The device disclosed by Passarelli has the disadvantage that it is has a fixed ring-shape construction, which cannot be put readily around the tubulars and the weld at the rig floor without the danger of damaging the device or at the expense of substantial time delays. Another disadvantage to this arrangement is the geometry of the electromagnets, the transmitter and the receiver coil, which does not provide a 100% inspection of the weld around the circumference of the pipe, as the aperture of the transmitters is smaller than the ultrasonic field at the weld region. Rotating the tubular could mitigate the disadvantage, but that is not possible when the tubulars are welded at the rig floor, as will be explained below. An additional, difficulty posed by this and other prior art is that the weld is inspected by pulse-echo reflection measurement only. However, to prevent miss-interpretation of the reflected signals, e.g. due to diffraction or scatter at the weld, it is preferred to measure both reflection and transmission at the same time using at least two EMATs positioned upstream and downstream from the weld.
Expandable tubulars are increasingly used in oil and gas production wells and may comprise slots or other perforations which are widened as a result of the expansion or may have a continuous ‘un-slotted’ wall which is circumferentially stretched by an expansion device such as an expansion cone and/or a set of rollers.
Expandable tubulars are generally joined by mechanical connectors since welding may create at least some strengthening and/or weakening of the pipe wall in the region of the weld, and strengthening will hamper or even disrupt the expansion process whereas weakening will result in a tube which will easily collapse, buckle and/or burst in the welding zone.
In addition, here it is required to weld slotted liners there are particular problems to overcome. In the first instance slotted expandable tubulars are difficult to seal completely to allow flushing with non-oxidising or reducing gases or gas mixtures and removal of air. In the second place welding the end of unprepared slotted liners will also cause the slots at the end of the tubular to be welded also. This impedes expansion and prevents proper functioning of the slotted expandable tubular.

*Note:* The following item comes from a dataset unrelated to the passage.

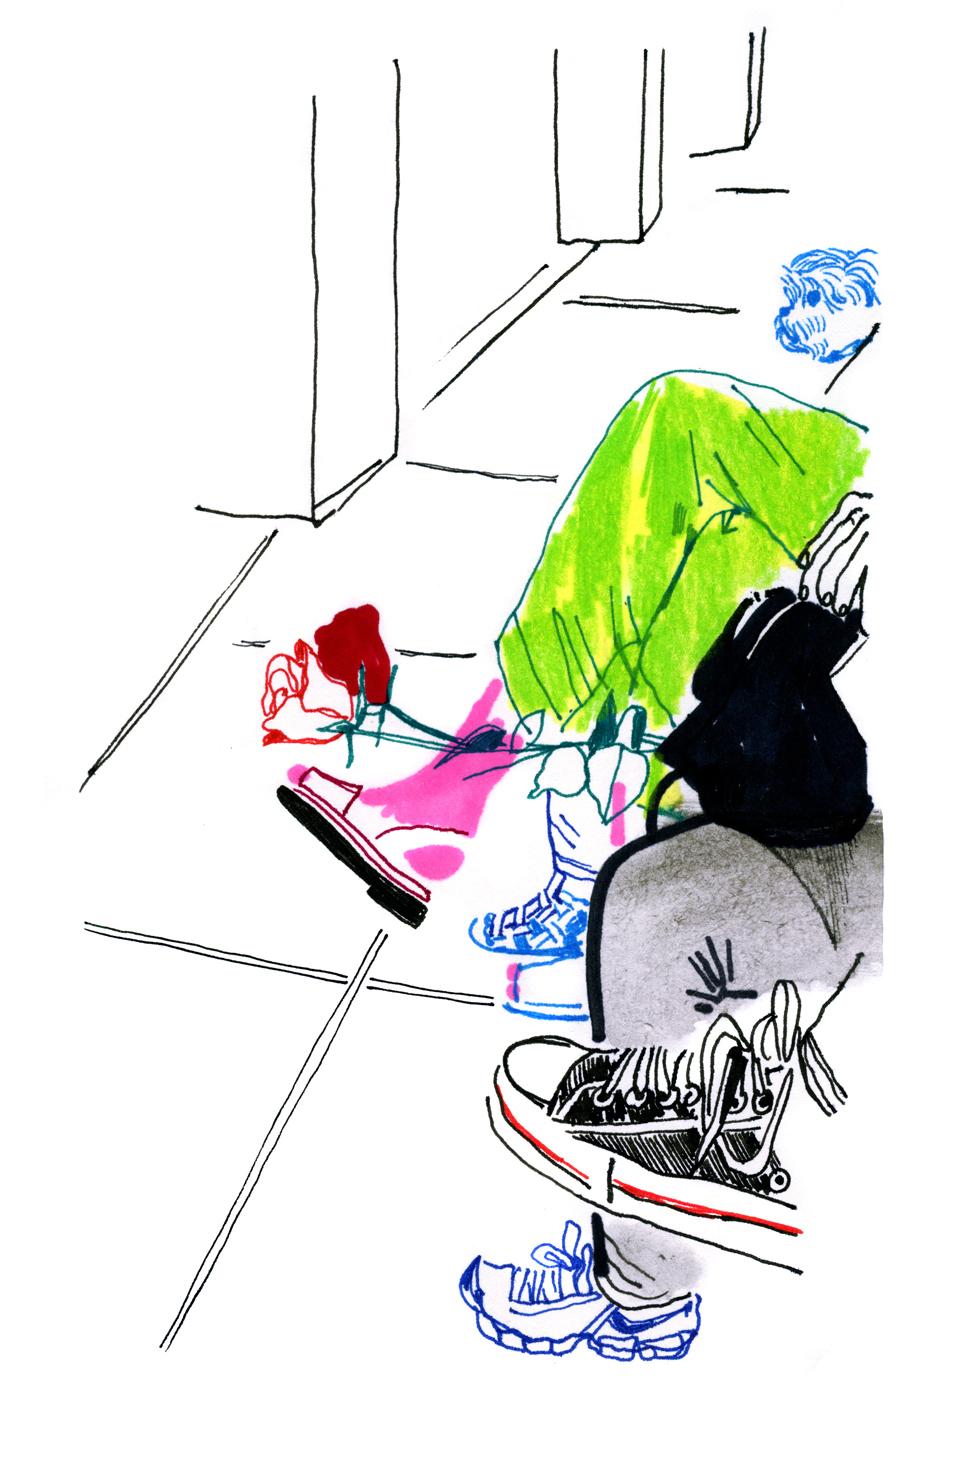 Sketchbook  Check out the sketchbook tumblr!

It is known from International patent application WO 98/33619 to connect expandable tubulars by amorphous bonding and from International patent application WO 0230611 to connect expandable tubulars by laser welding. However these connection techniques are time consuming and require a very precise positioning of the pipe ends relative to each other and machining the pipe ends into an extremely accurate flat shape that these technologies are not practical for use on for example a drilling rig, an offshore oil platform or pipe laying vessel.
When pipes are joined and used in for example a downhole, sub-sea or remote environment it is advantageous to log the position of individual pipes or to detect the position of individual pipes when the pipe and/or surrounding hole is re-entered. This is useful to e.g. allow accurate placement of side-tracks, packers and perforations. Logging of this nature is done by measuring the distance a tool has travelled within or adjacent to the pipe, counting the number of connections or by positioning easily identifiable markers, such as magnetic or radioactive markers, in the hole alongside, and attached to, the pipe, which may be a production tubing and/or casing which marker may be found using specialized equipment. In addition special pup joints are often used for this purpose. The existing methods for marking pipe joints are expensive, time consuming and may lead to a quick wear of the markings and replacement of worn markings may require retrieval of the entire pipe string from a well, which is very expensive.